In the SEARCH expression, I started with a blank and test for a result >1. The reason I did this is because I used MS Office Online to test it, and it thinks the rightmost character of an empty cell is found in position 1 of the test string.

If SEARCH does not find a match, it returns an error, so wrapping the formula in IFERROR ensures that any word not matching results in 0.

So either formula returns 1 if the word fits your pattern, or 0 if it doesn't (or if its target cell is empty).

Enter either formula in D2, and drag or copy it across to H2, and down to the last row you need.

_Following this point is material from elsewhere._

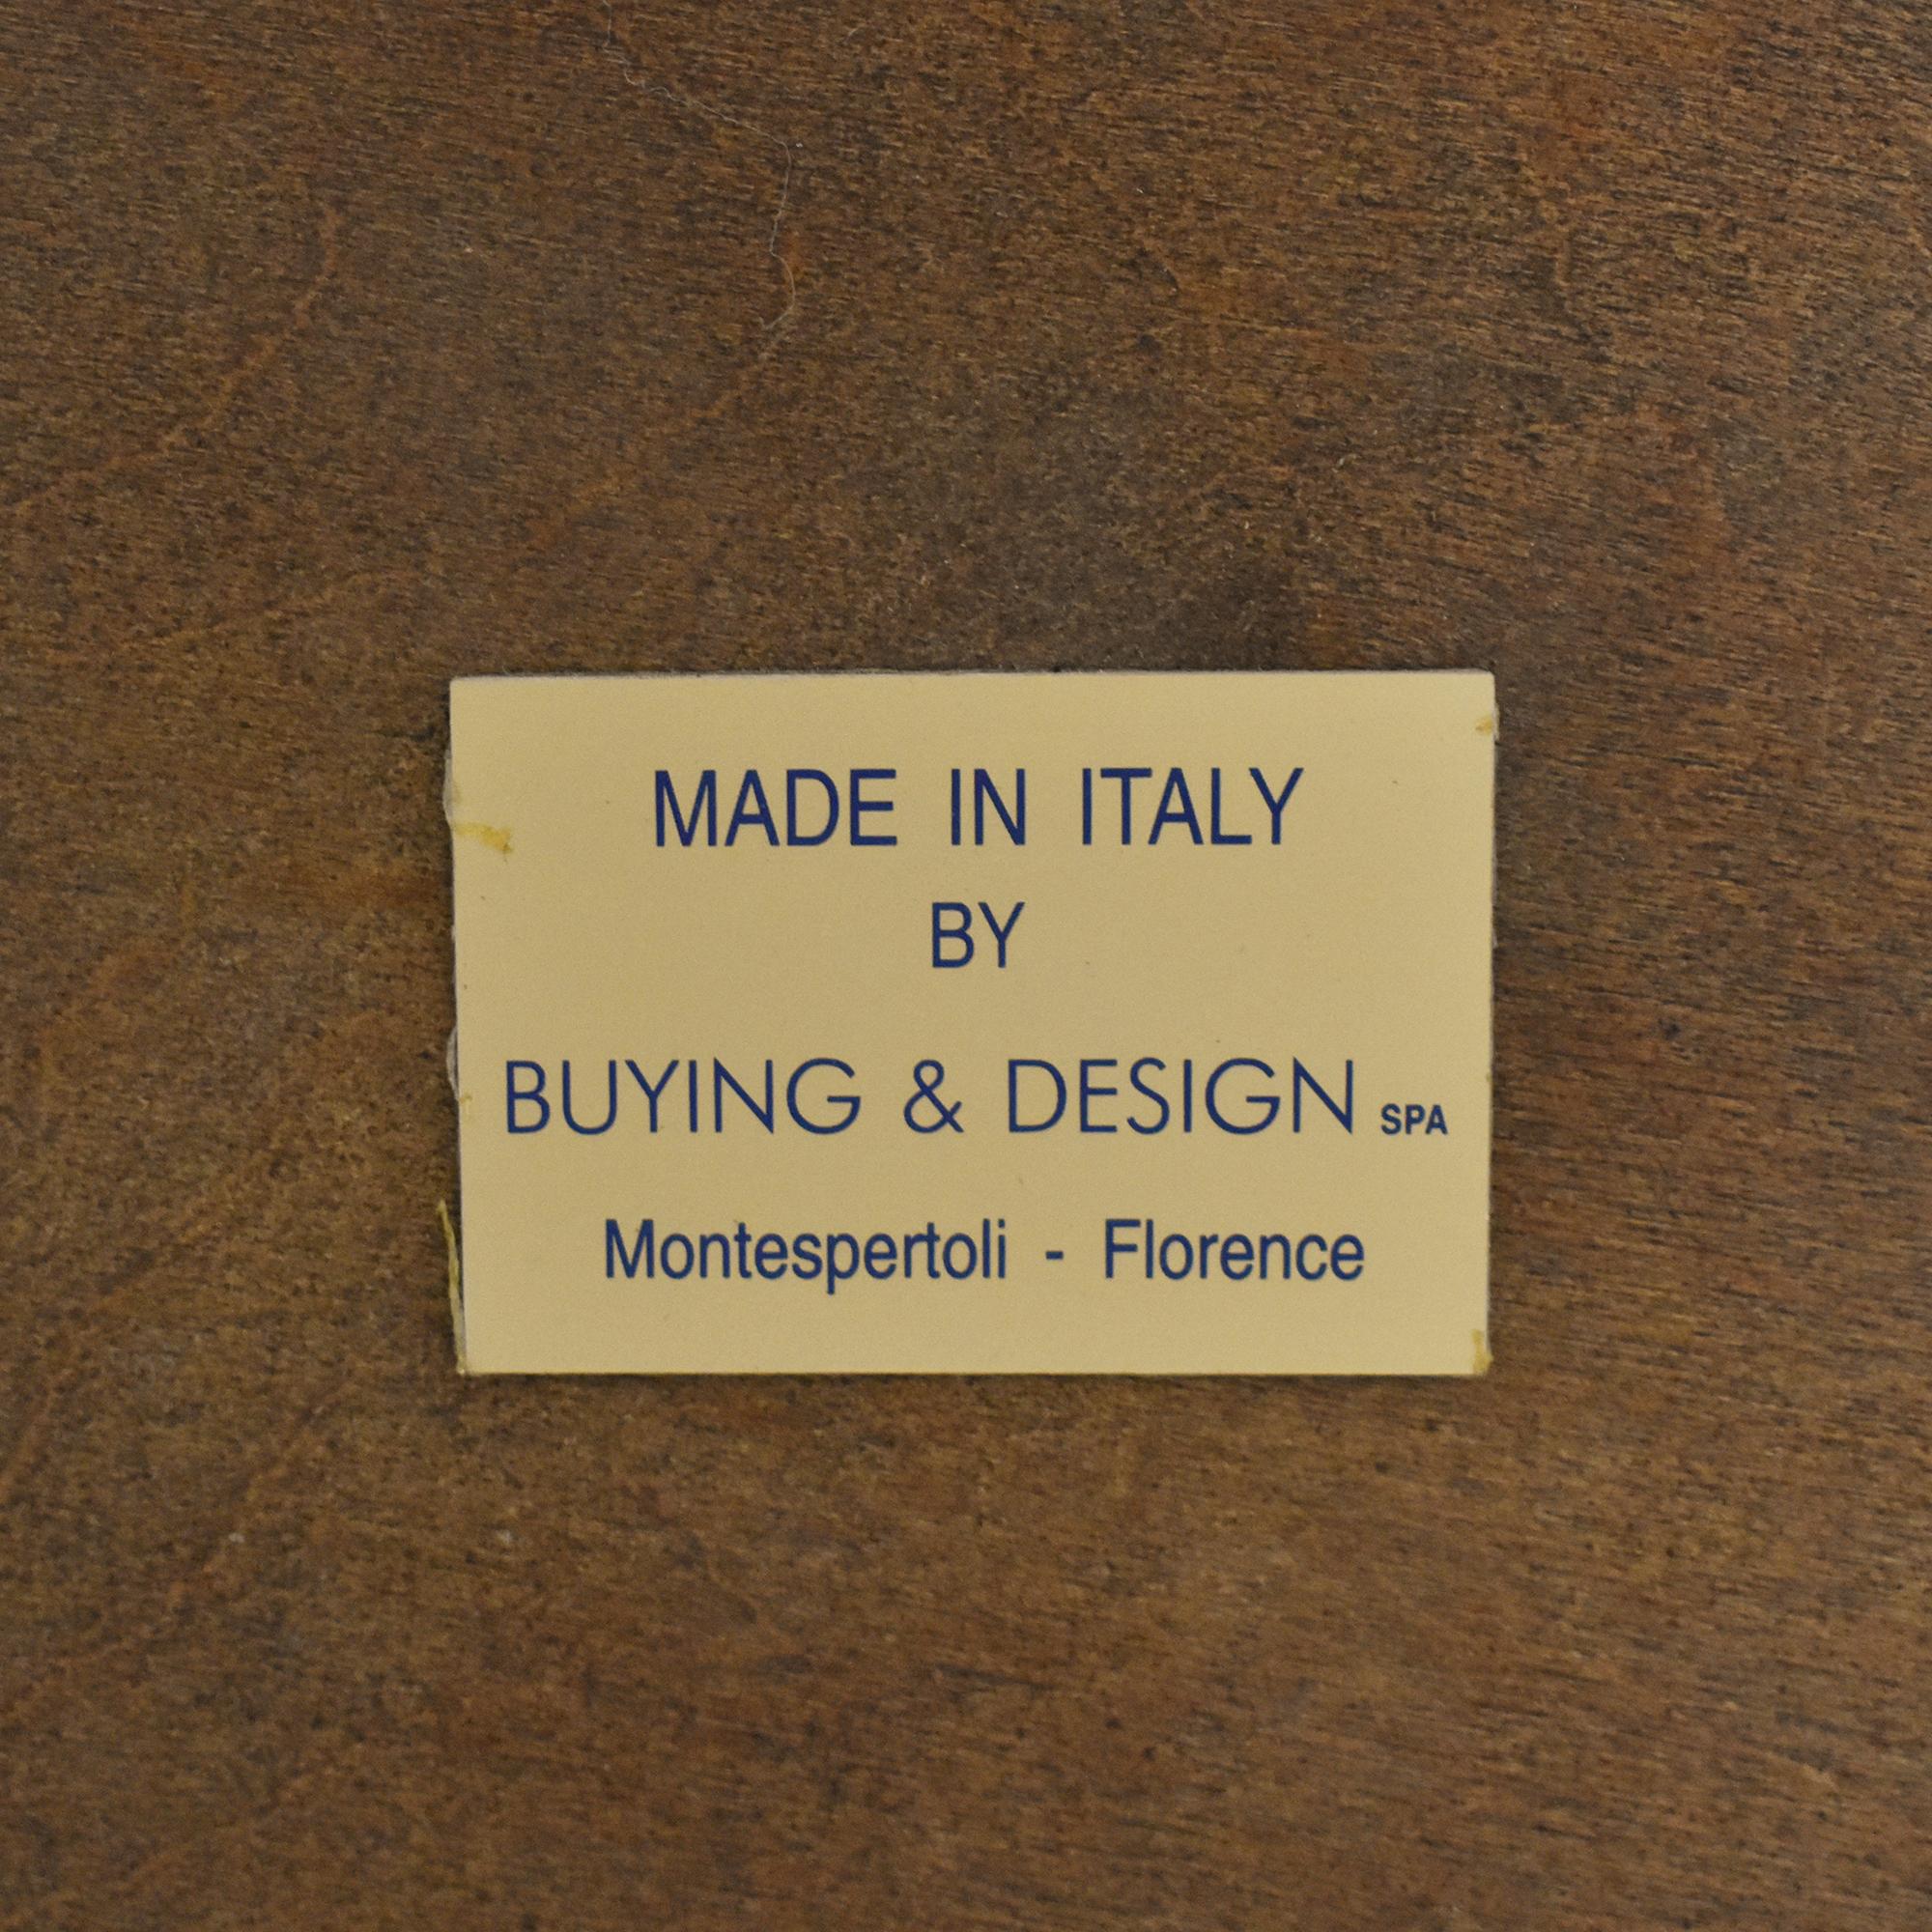 Buying & Design Buying & Design Floral Sideboard pa

To fill the target cells, select all the data in column A, and copy and paste it into column I (Text to Columns overwrites the data and starts in the data column). Select the data in column I. On the Data tab, in the Data Tools group, click Text to Columns. You'll get a wizard that is self-explanatory.

Tell it the data is delimited, and select space as the delimiter. It will give you a preview of how it thinks you want it to parse the words. When you finish the wizard it will put each word in a consecutive cell in the row.

Your formulas in D:H should show at least one 1 in each row. Those are your words, and their column is in the same relative position as the parsed word.

To get the first word's value in column B, use INDEX and MATCH to find the first 1 in the row in D:H and retrieve the corresponding value from the same row in I:M. For example, B2 would be:

=INDEX(I2:M2,MATCH(1,D2:H2,0))

This retrieves the value from the cell in I2:M2 corresponding to where an exact match to 1 was found in D2:H2.